The heavier weight is the trade-off. Across a long decorating session, the stainless handle is colder and more tiring than a soft-grip alternative. For a baker who portions large batches into the freezer for later baking, the durability and consistency make up for the weight.
Best for: bake-ahead bakers freezing dough balls and bakeries portioning by the hundred.
How to choose a cookie dough scoop
Start with the medium 1.5 tablespoon size from any brand on this list. That single scoop covers most cookie recipes and is the size every baking writer references when they say a scoop. Add the small and large sizes only after you confirm you bake recipes that need them. A common mistake is buying a three-pack on day one and using only the medium for two years.
Buy stainless construction wherever possible. Plastic and rubber-coated handles wear out within a year or two and rarely justify their cost on a frequently-used tool. The premium brands (OXO, KitchenAid) earn their cost only if you bake at least monthly. For occasional bakers, the Wilton three-pack is the better value despite shorter lifespan.
For more on cookie baking, see our best cookie dough to buy and best cookie decorating supplies guides. To see how we evaluate kitchen tools, read our methodology.
Frequently asked questions
What size cookie scoop should I buy first?+
If you only buy one cookie scoop, get the 1.5 tablespoon medium size. It produces a standard 3-inch baked cookie, which is the most common recipe expectation in American cookie cookbooks and the size that fits cleanly on a half-sheet pan in rows of four by six (24 per sheet). The small (1 tsp) and large (3 tbsp) sizes follow when you bake more specialized cookies.
Are spring-loaded scoops better than regular ice cream scoops?+
For cookie dough yes. A spring-loaded scoop with a sweep mechanism releases sticky dough cleanly in one motion, while a regular ice cream scoop usually requires a second motion to push dough out. Cookie dough is stickier than ice cream and a sweep arm cuts portioning time per cookie by about half. For ice cream and softer scooping, a non-sweep scoop is sometimes easier.

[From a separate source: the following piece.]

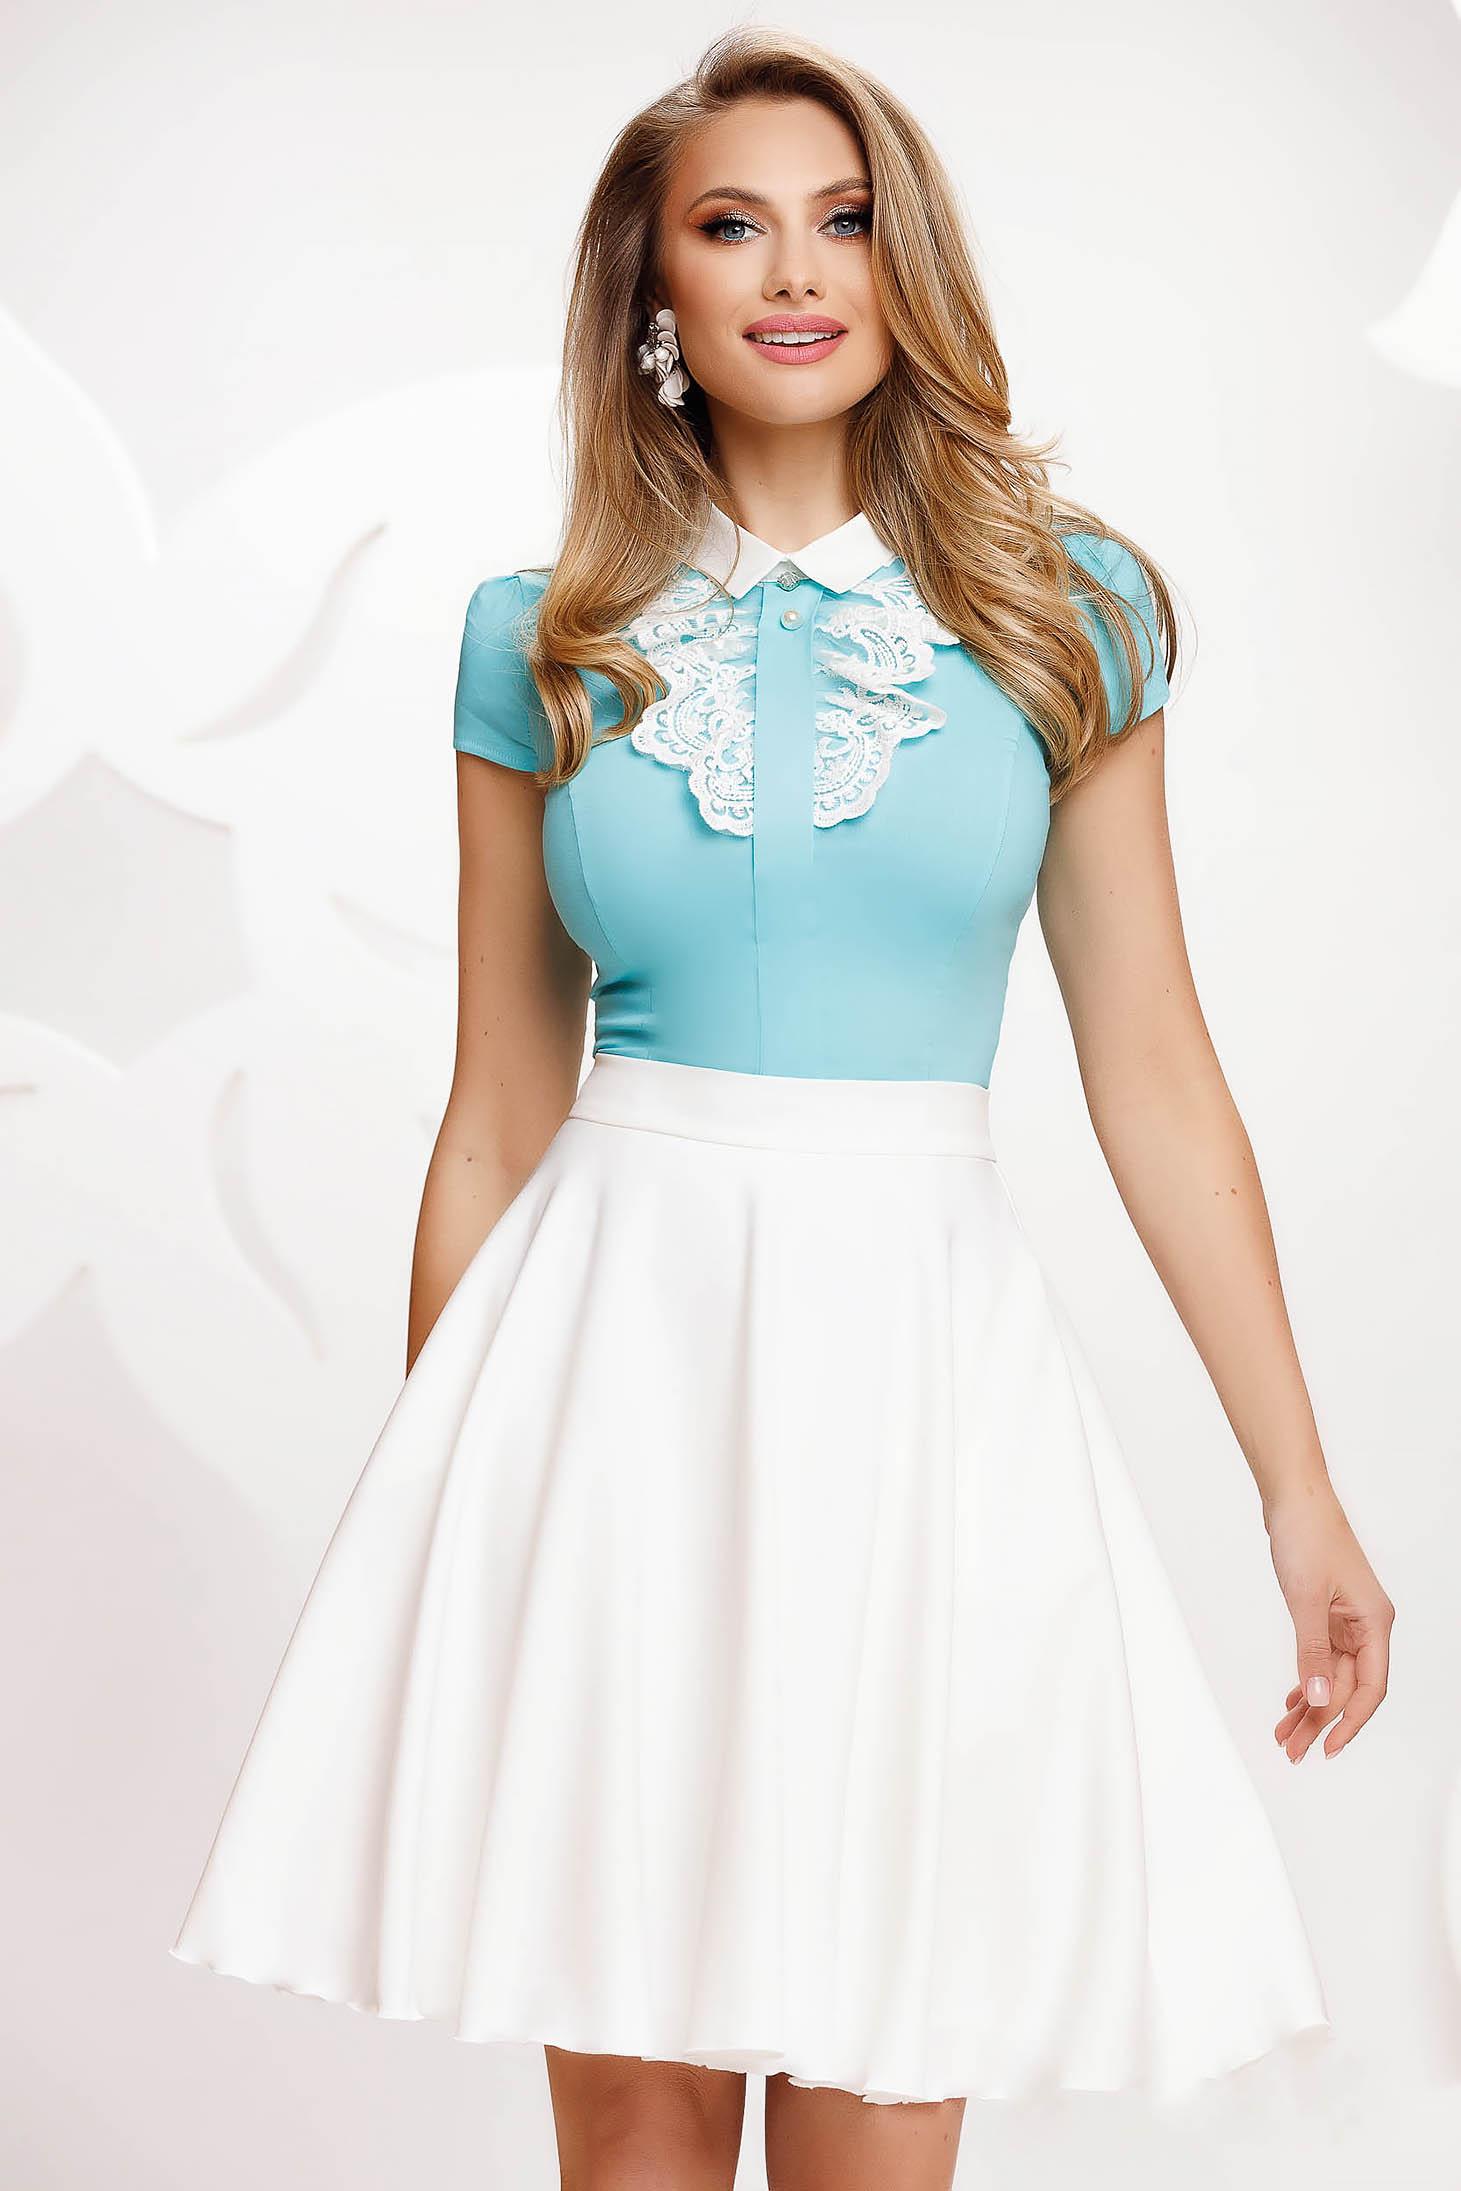 White skirt cloche high waisted elegant

How do you keep a cookie scoop from sticking?+
Three steps. First, chill the dough for at least 30 minutes before scooping, which firms the fat and reduces stickiness. Second, dip the scoop in cold water between every five or six scoops and shake off the excess. Third, do not press the dough into the scoop. Drag the scoop across the dough surface to fill it level. If your dough still sticks after these steps, the recipe is too wet.
Can a cookie scoop go in the dishwasher?+
Stainless steel scoops with a metal-only spring (OXO, Norpro, KitchenAid) handle the dishwasher fine. Scoops with plastic or rubber-coated handles do not. Heat from the drying cycle softens the grips and they peel within a year. For longest life with any scoop, hand wash the spring mechanism and dry immediately to prevent rust.
Does scoop size match exactly to tablespoons?+
Roughly yes, within about 5 percent. A scoop marked 1.5 tablespoons holds 1.5 tablespoons of dough leveled off, but the actual cookie weight varies with dough density. Doughs heavy with chocolate chunks or oats pack denser and weigh more per scoop than plain sugar cookie dough. Use the scoop for consistency within a batch rather than as a precision tool.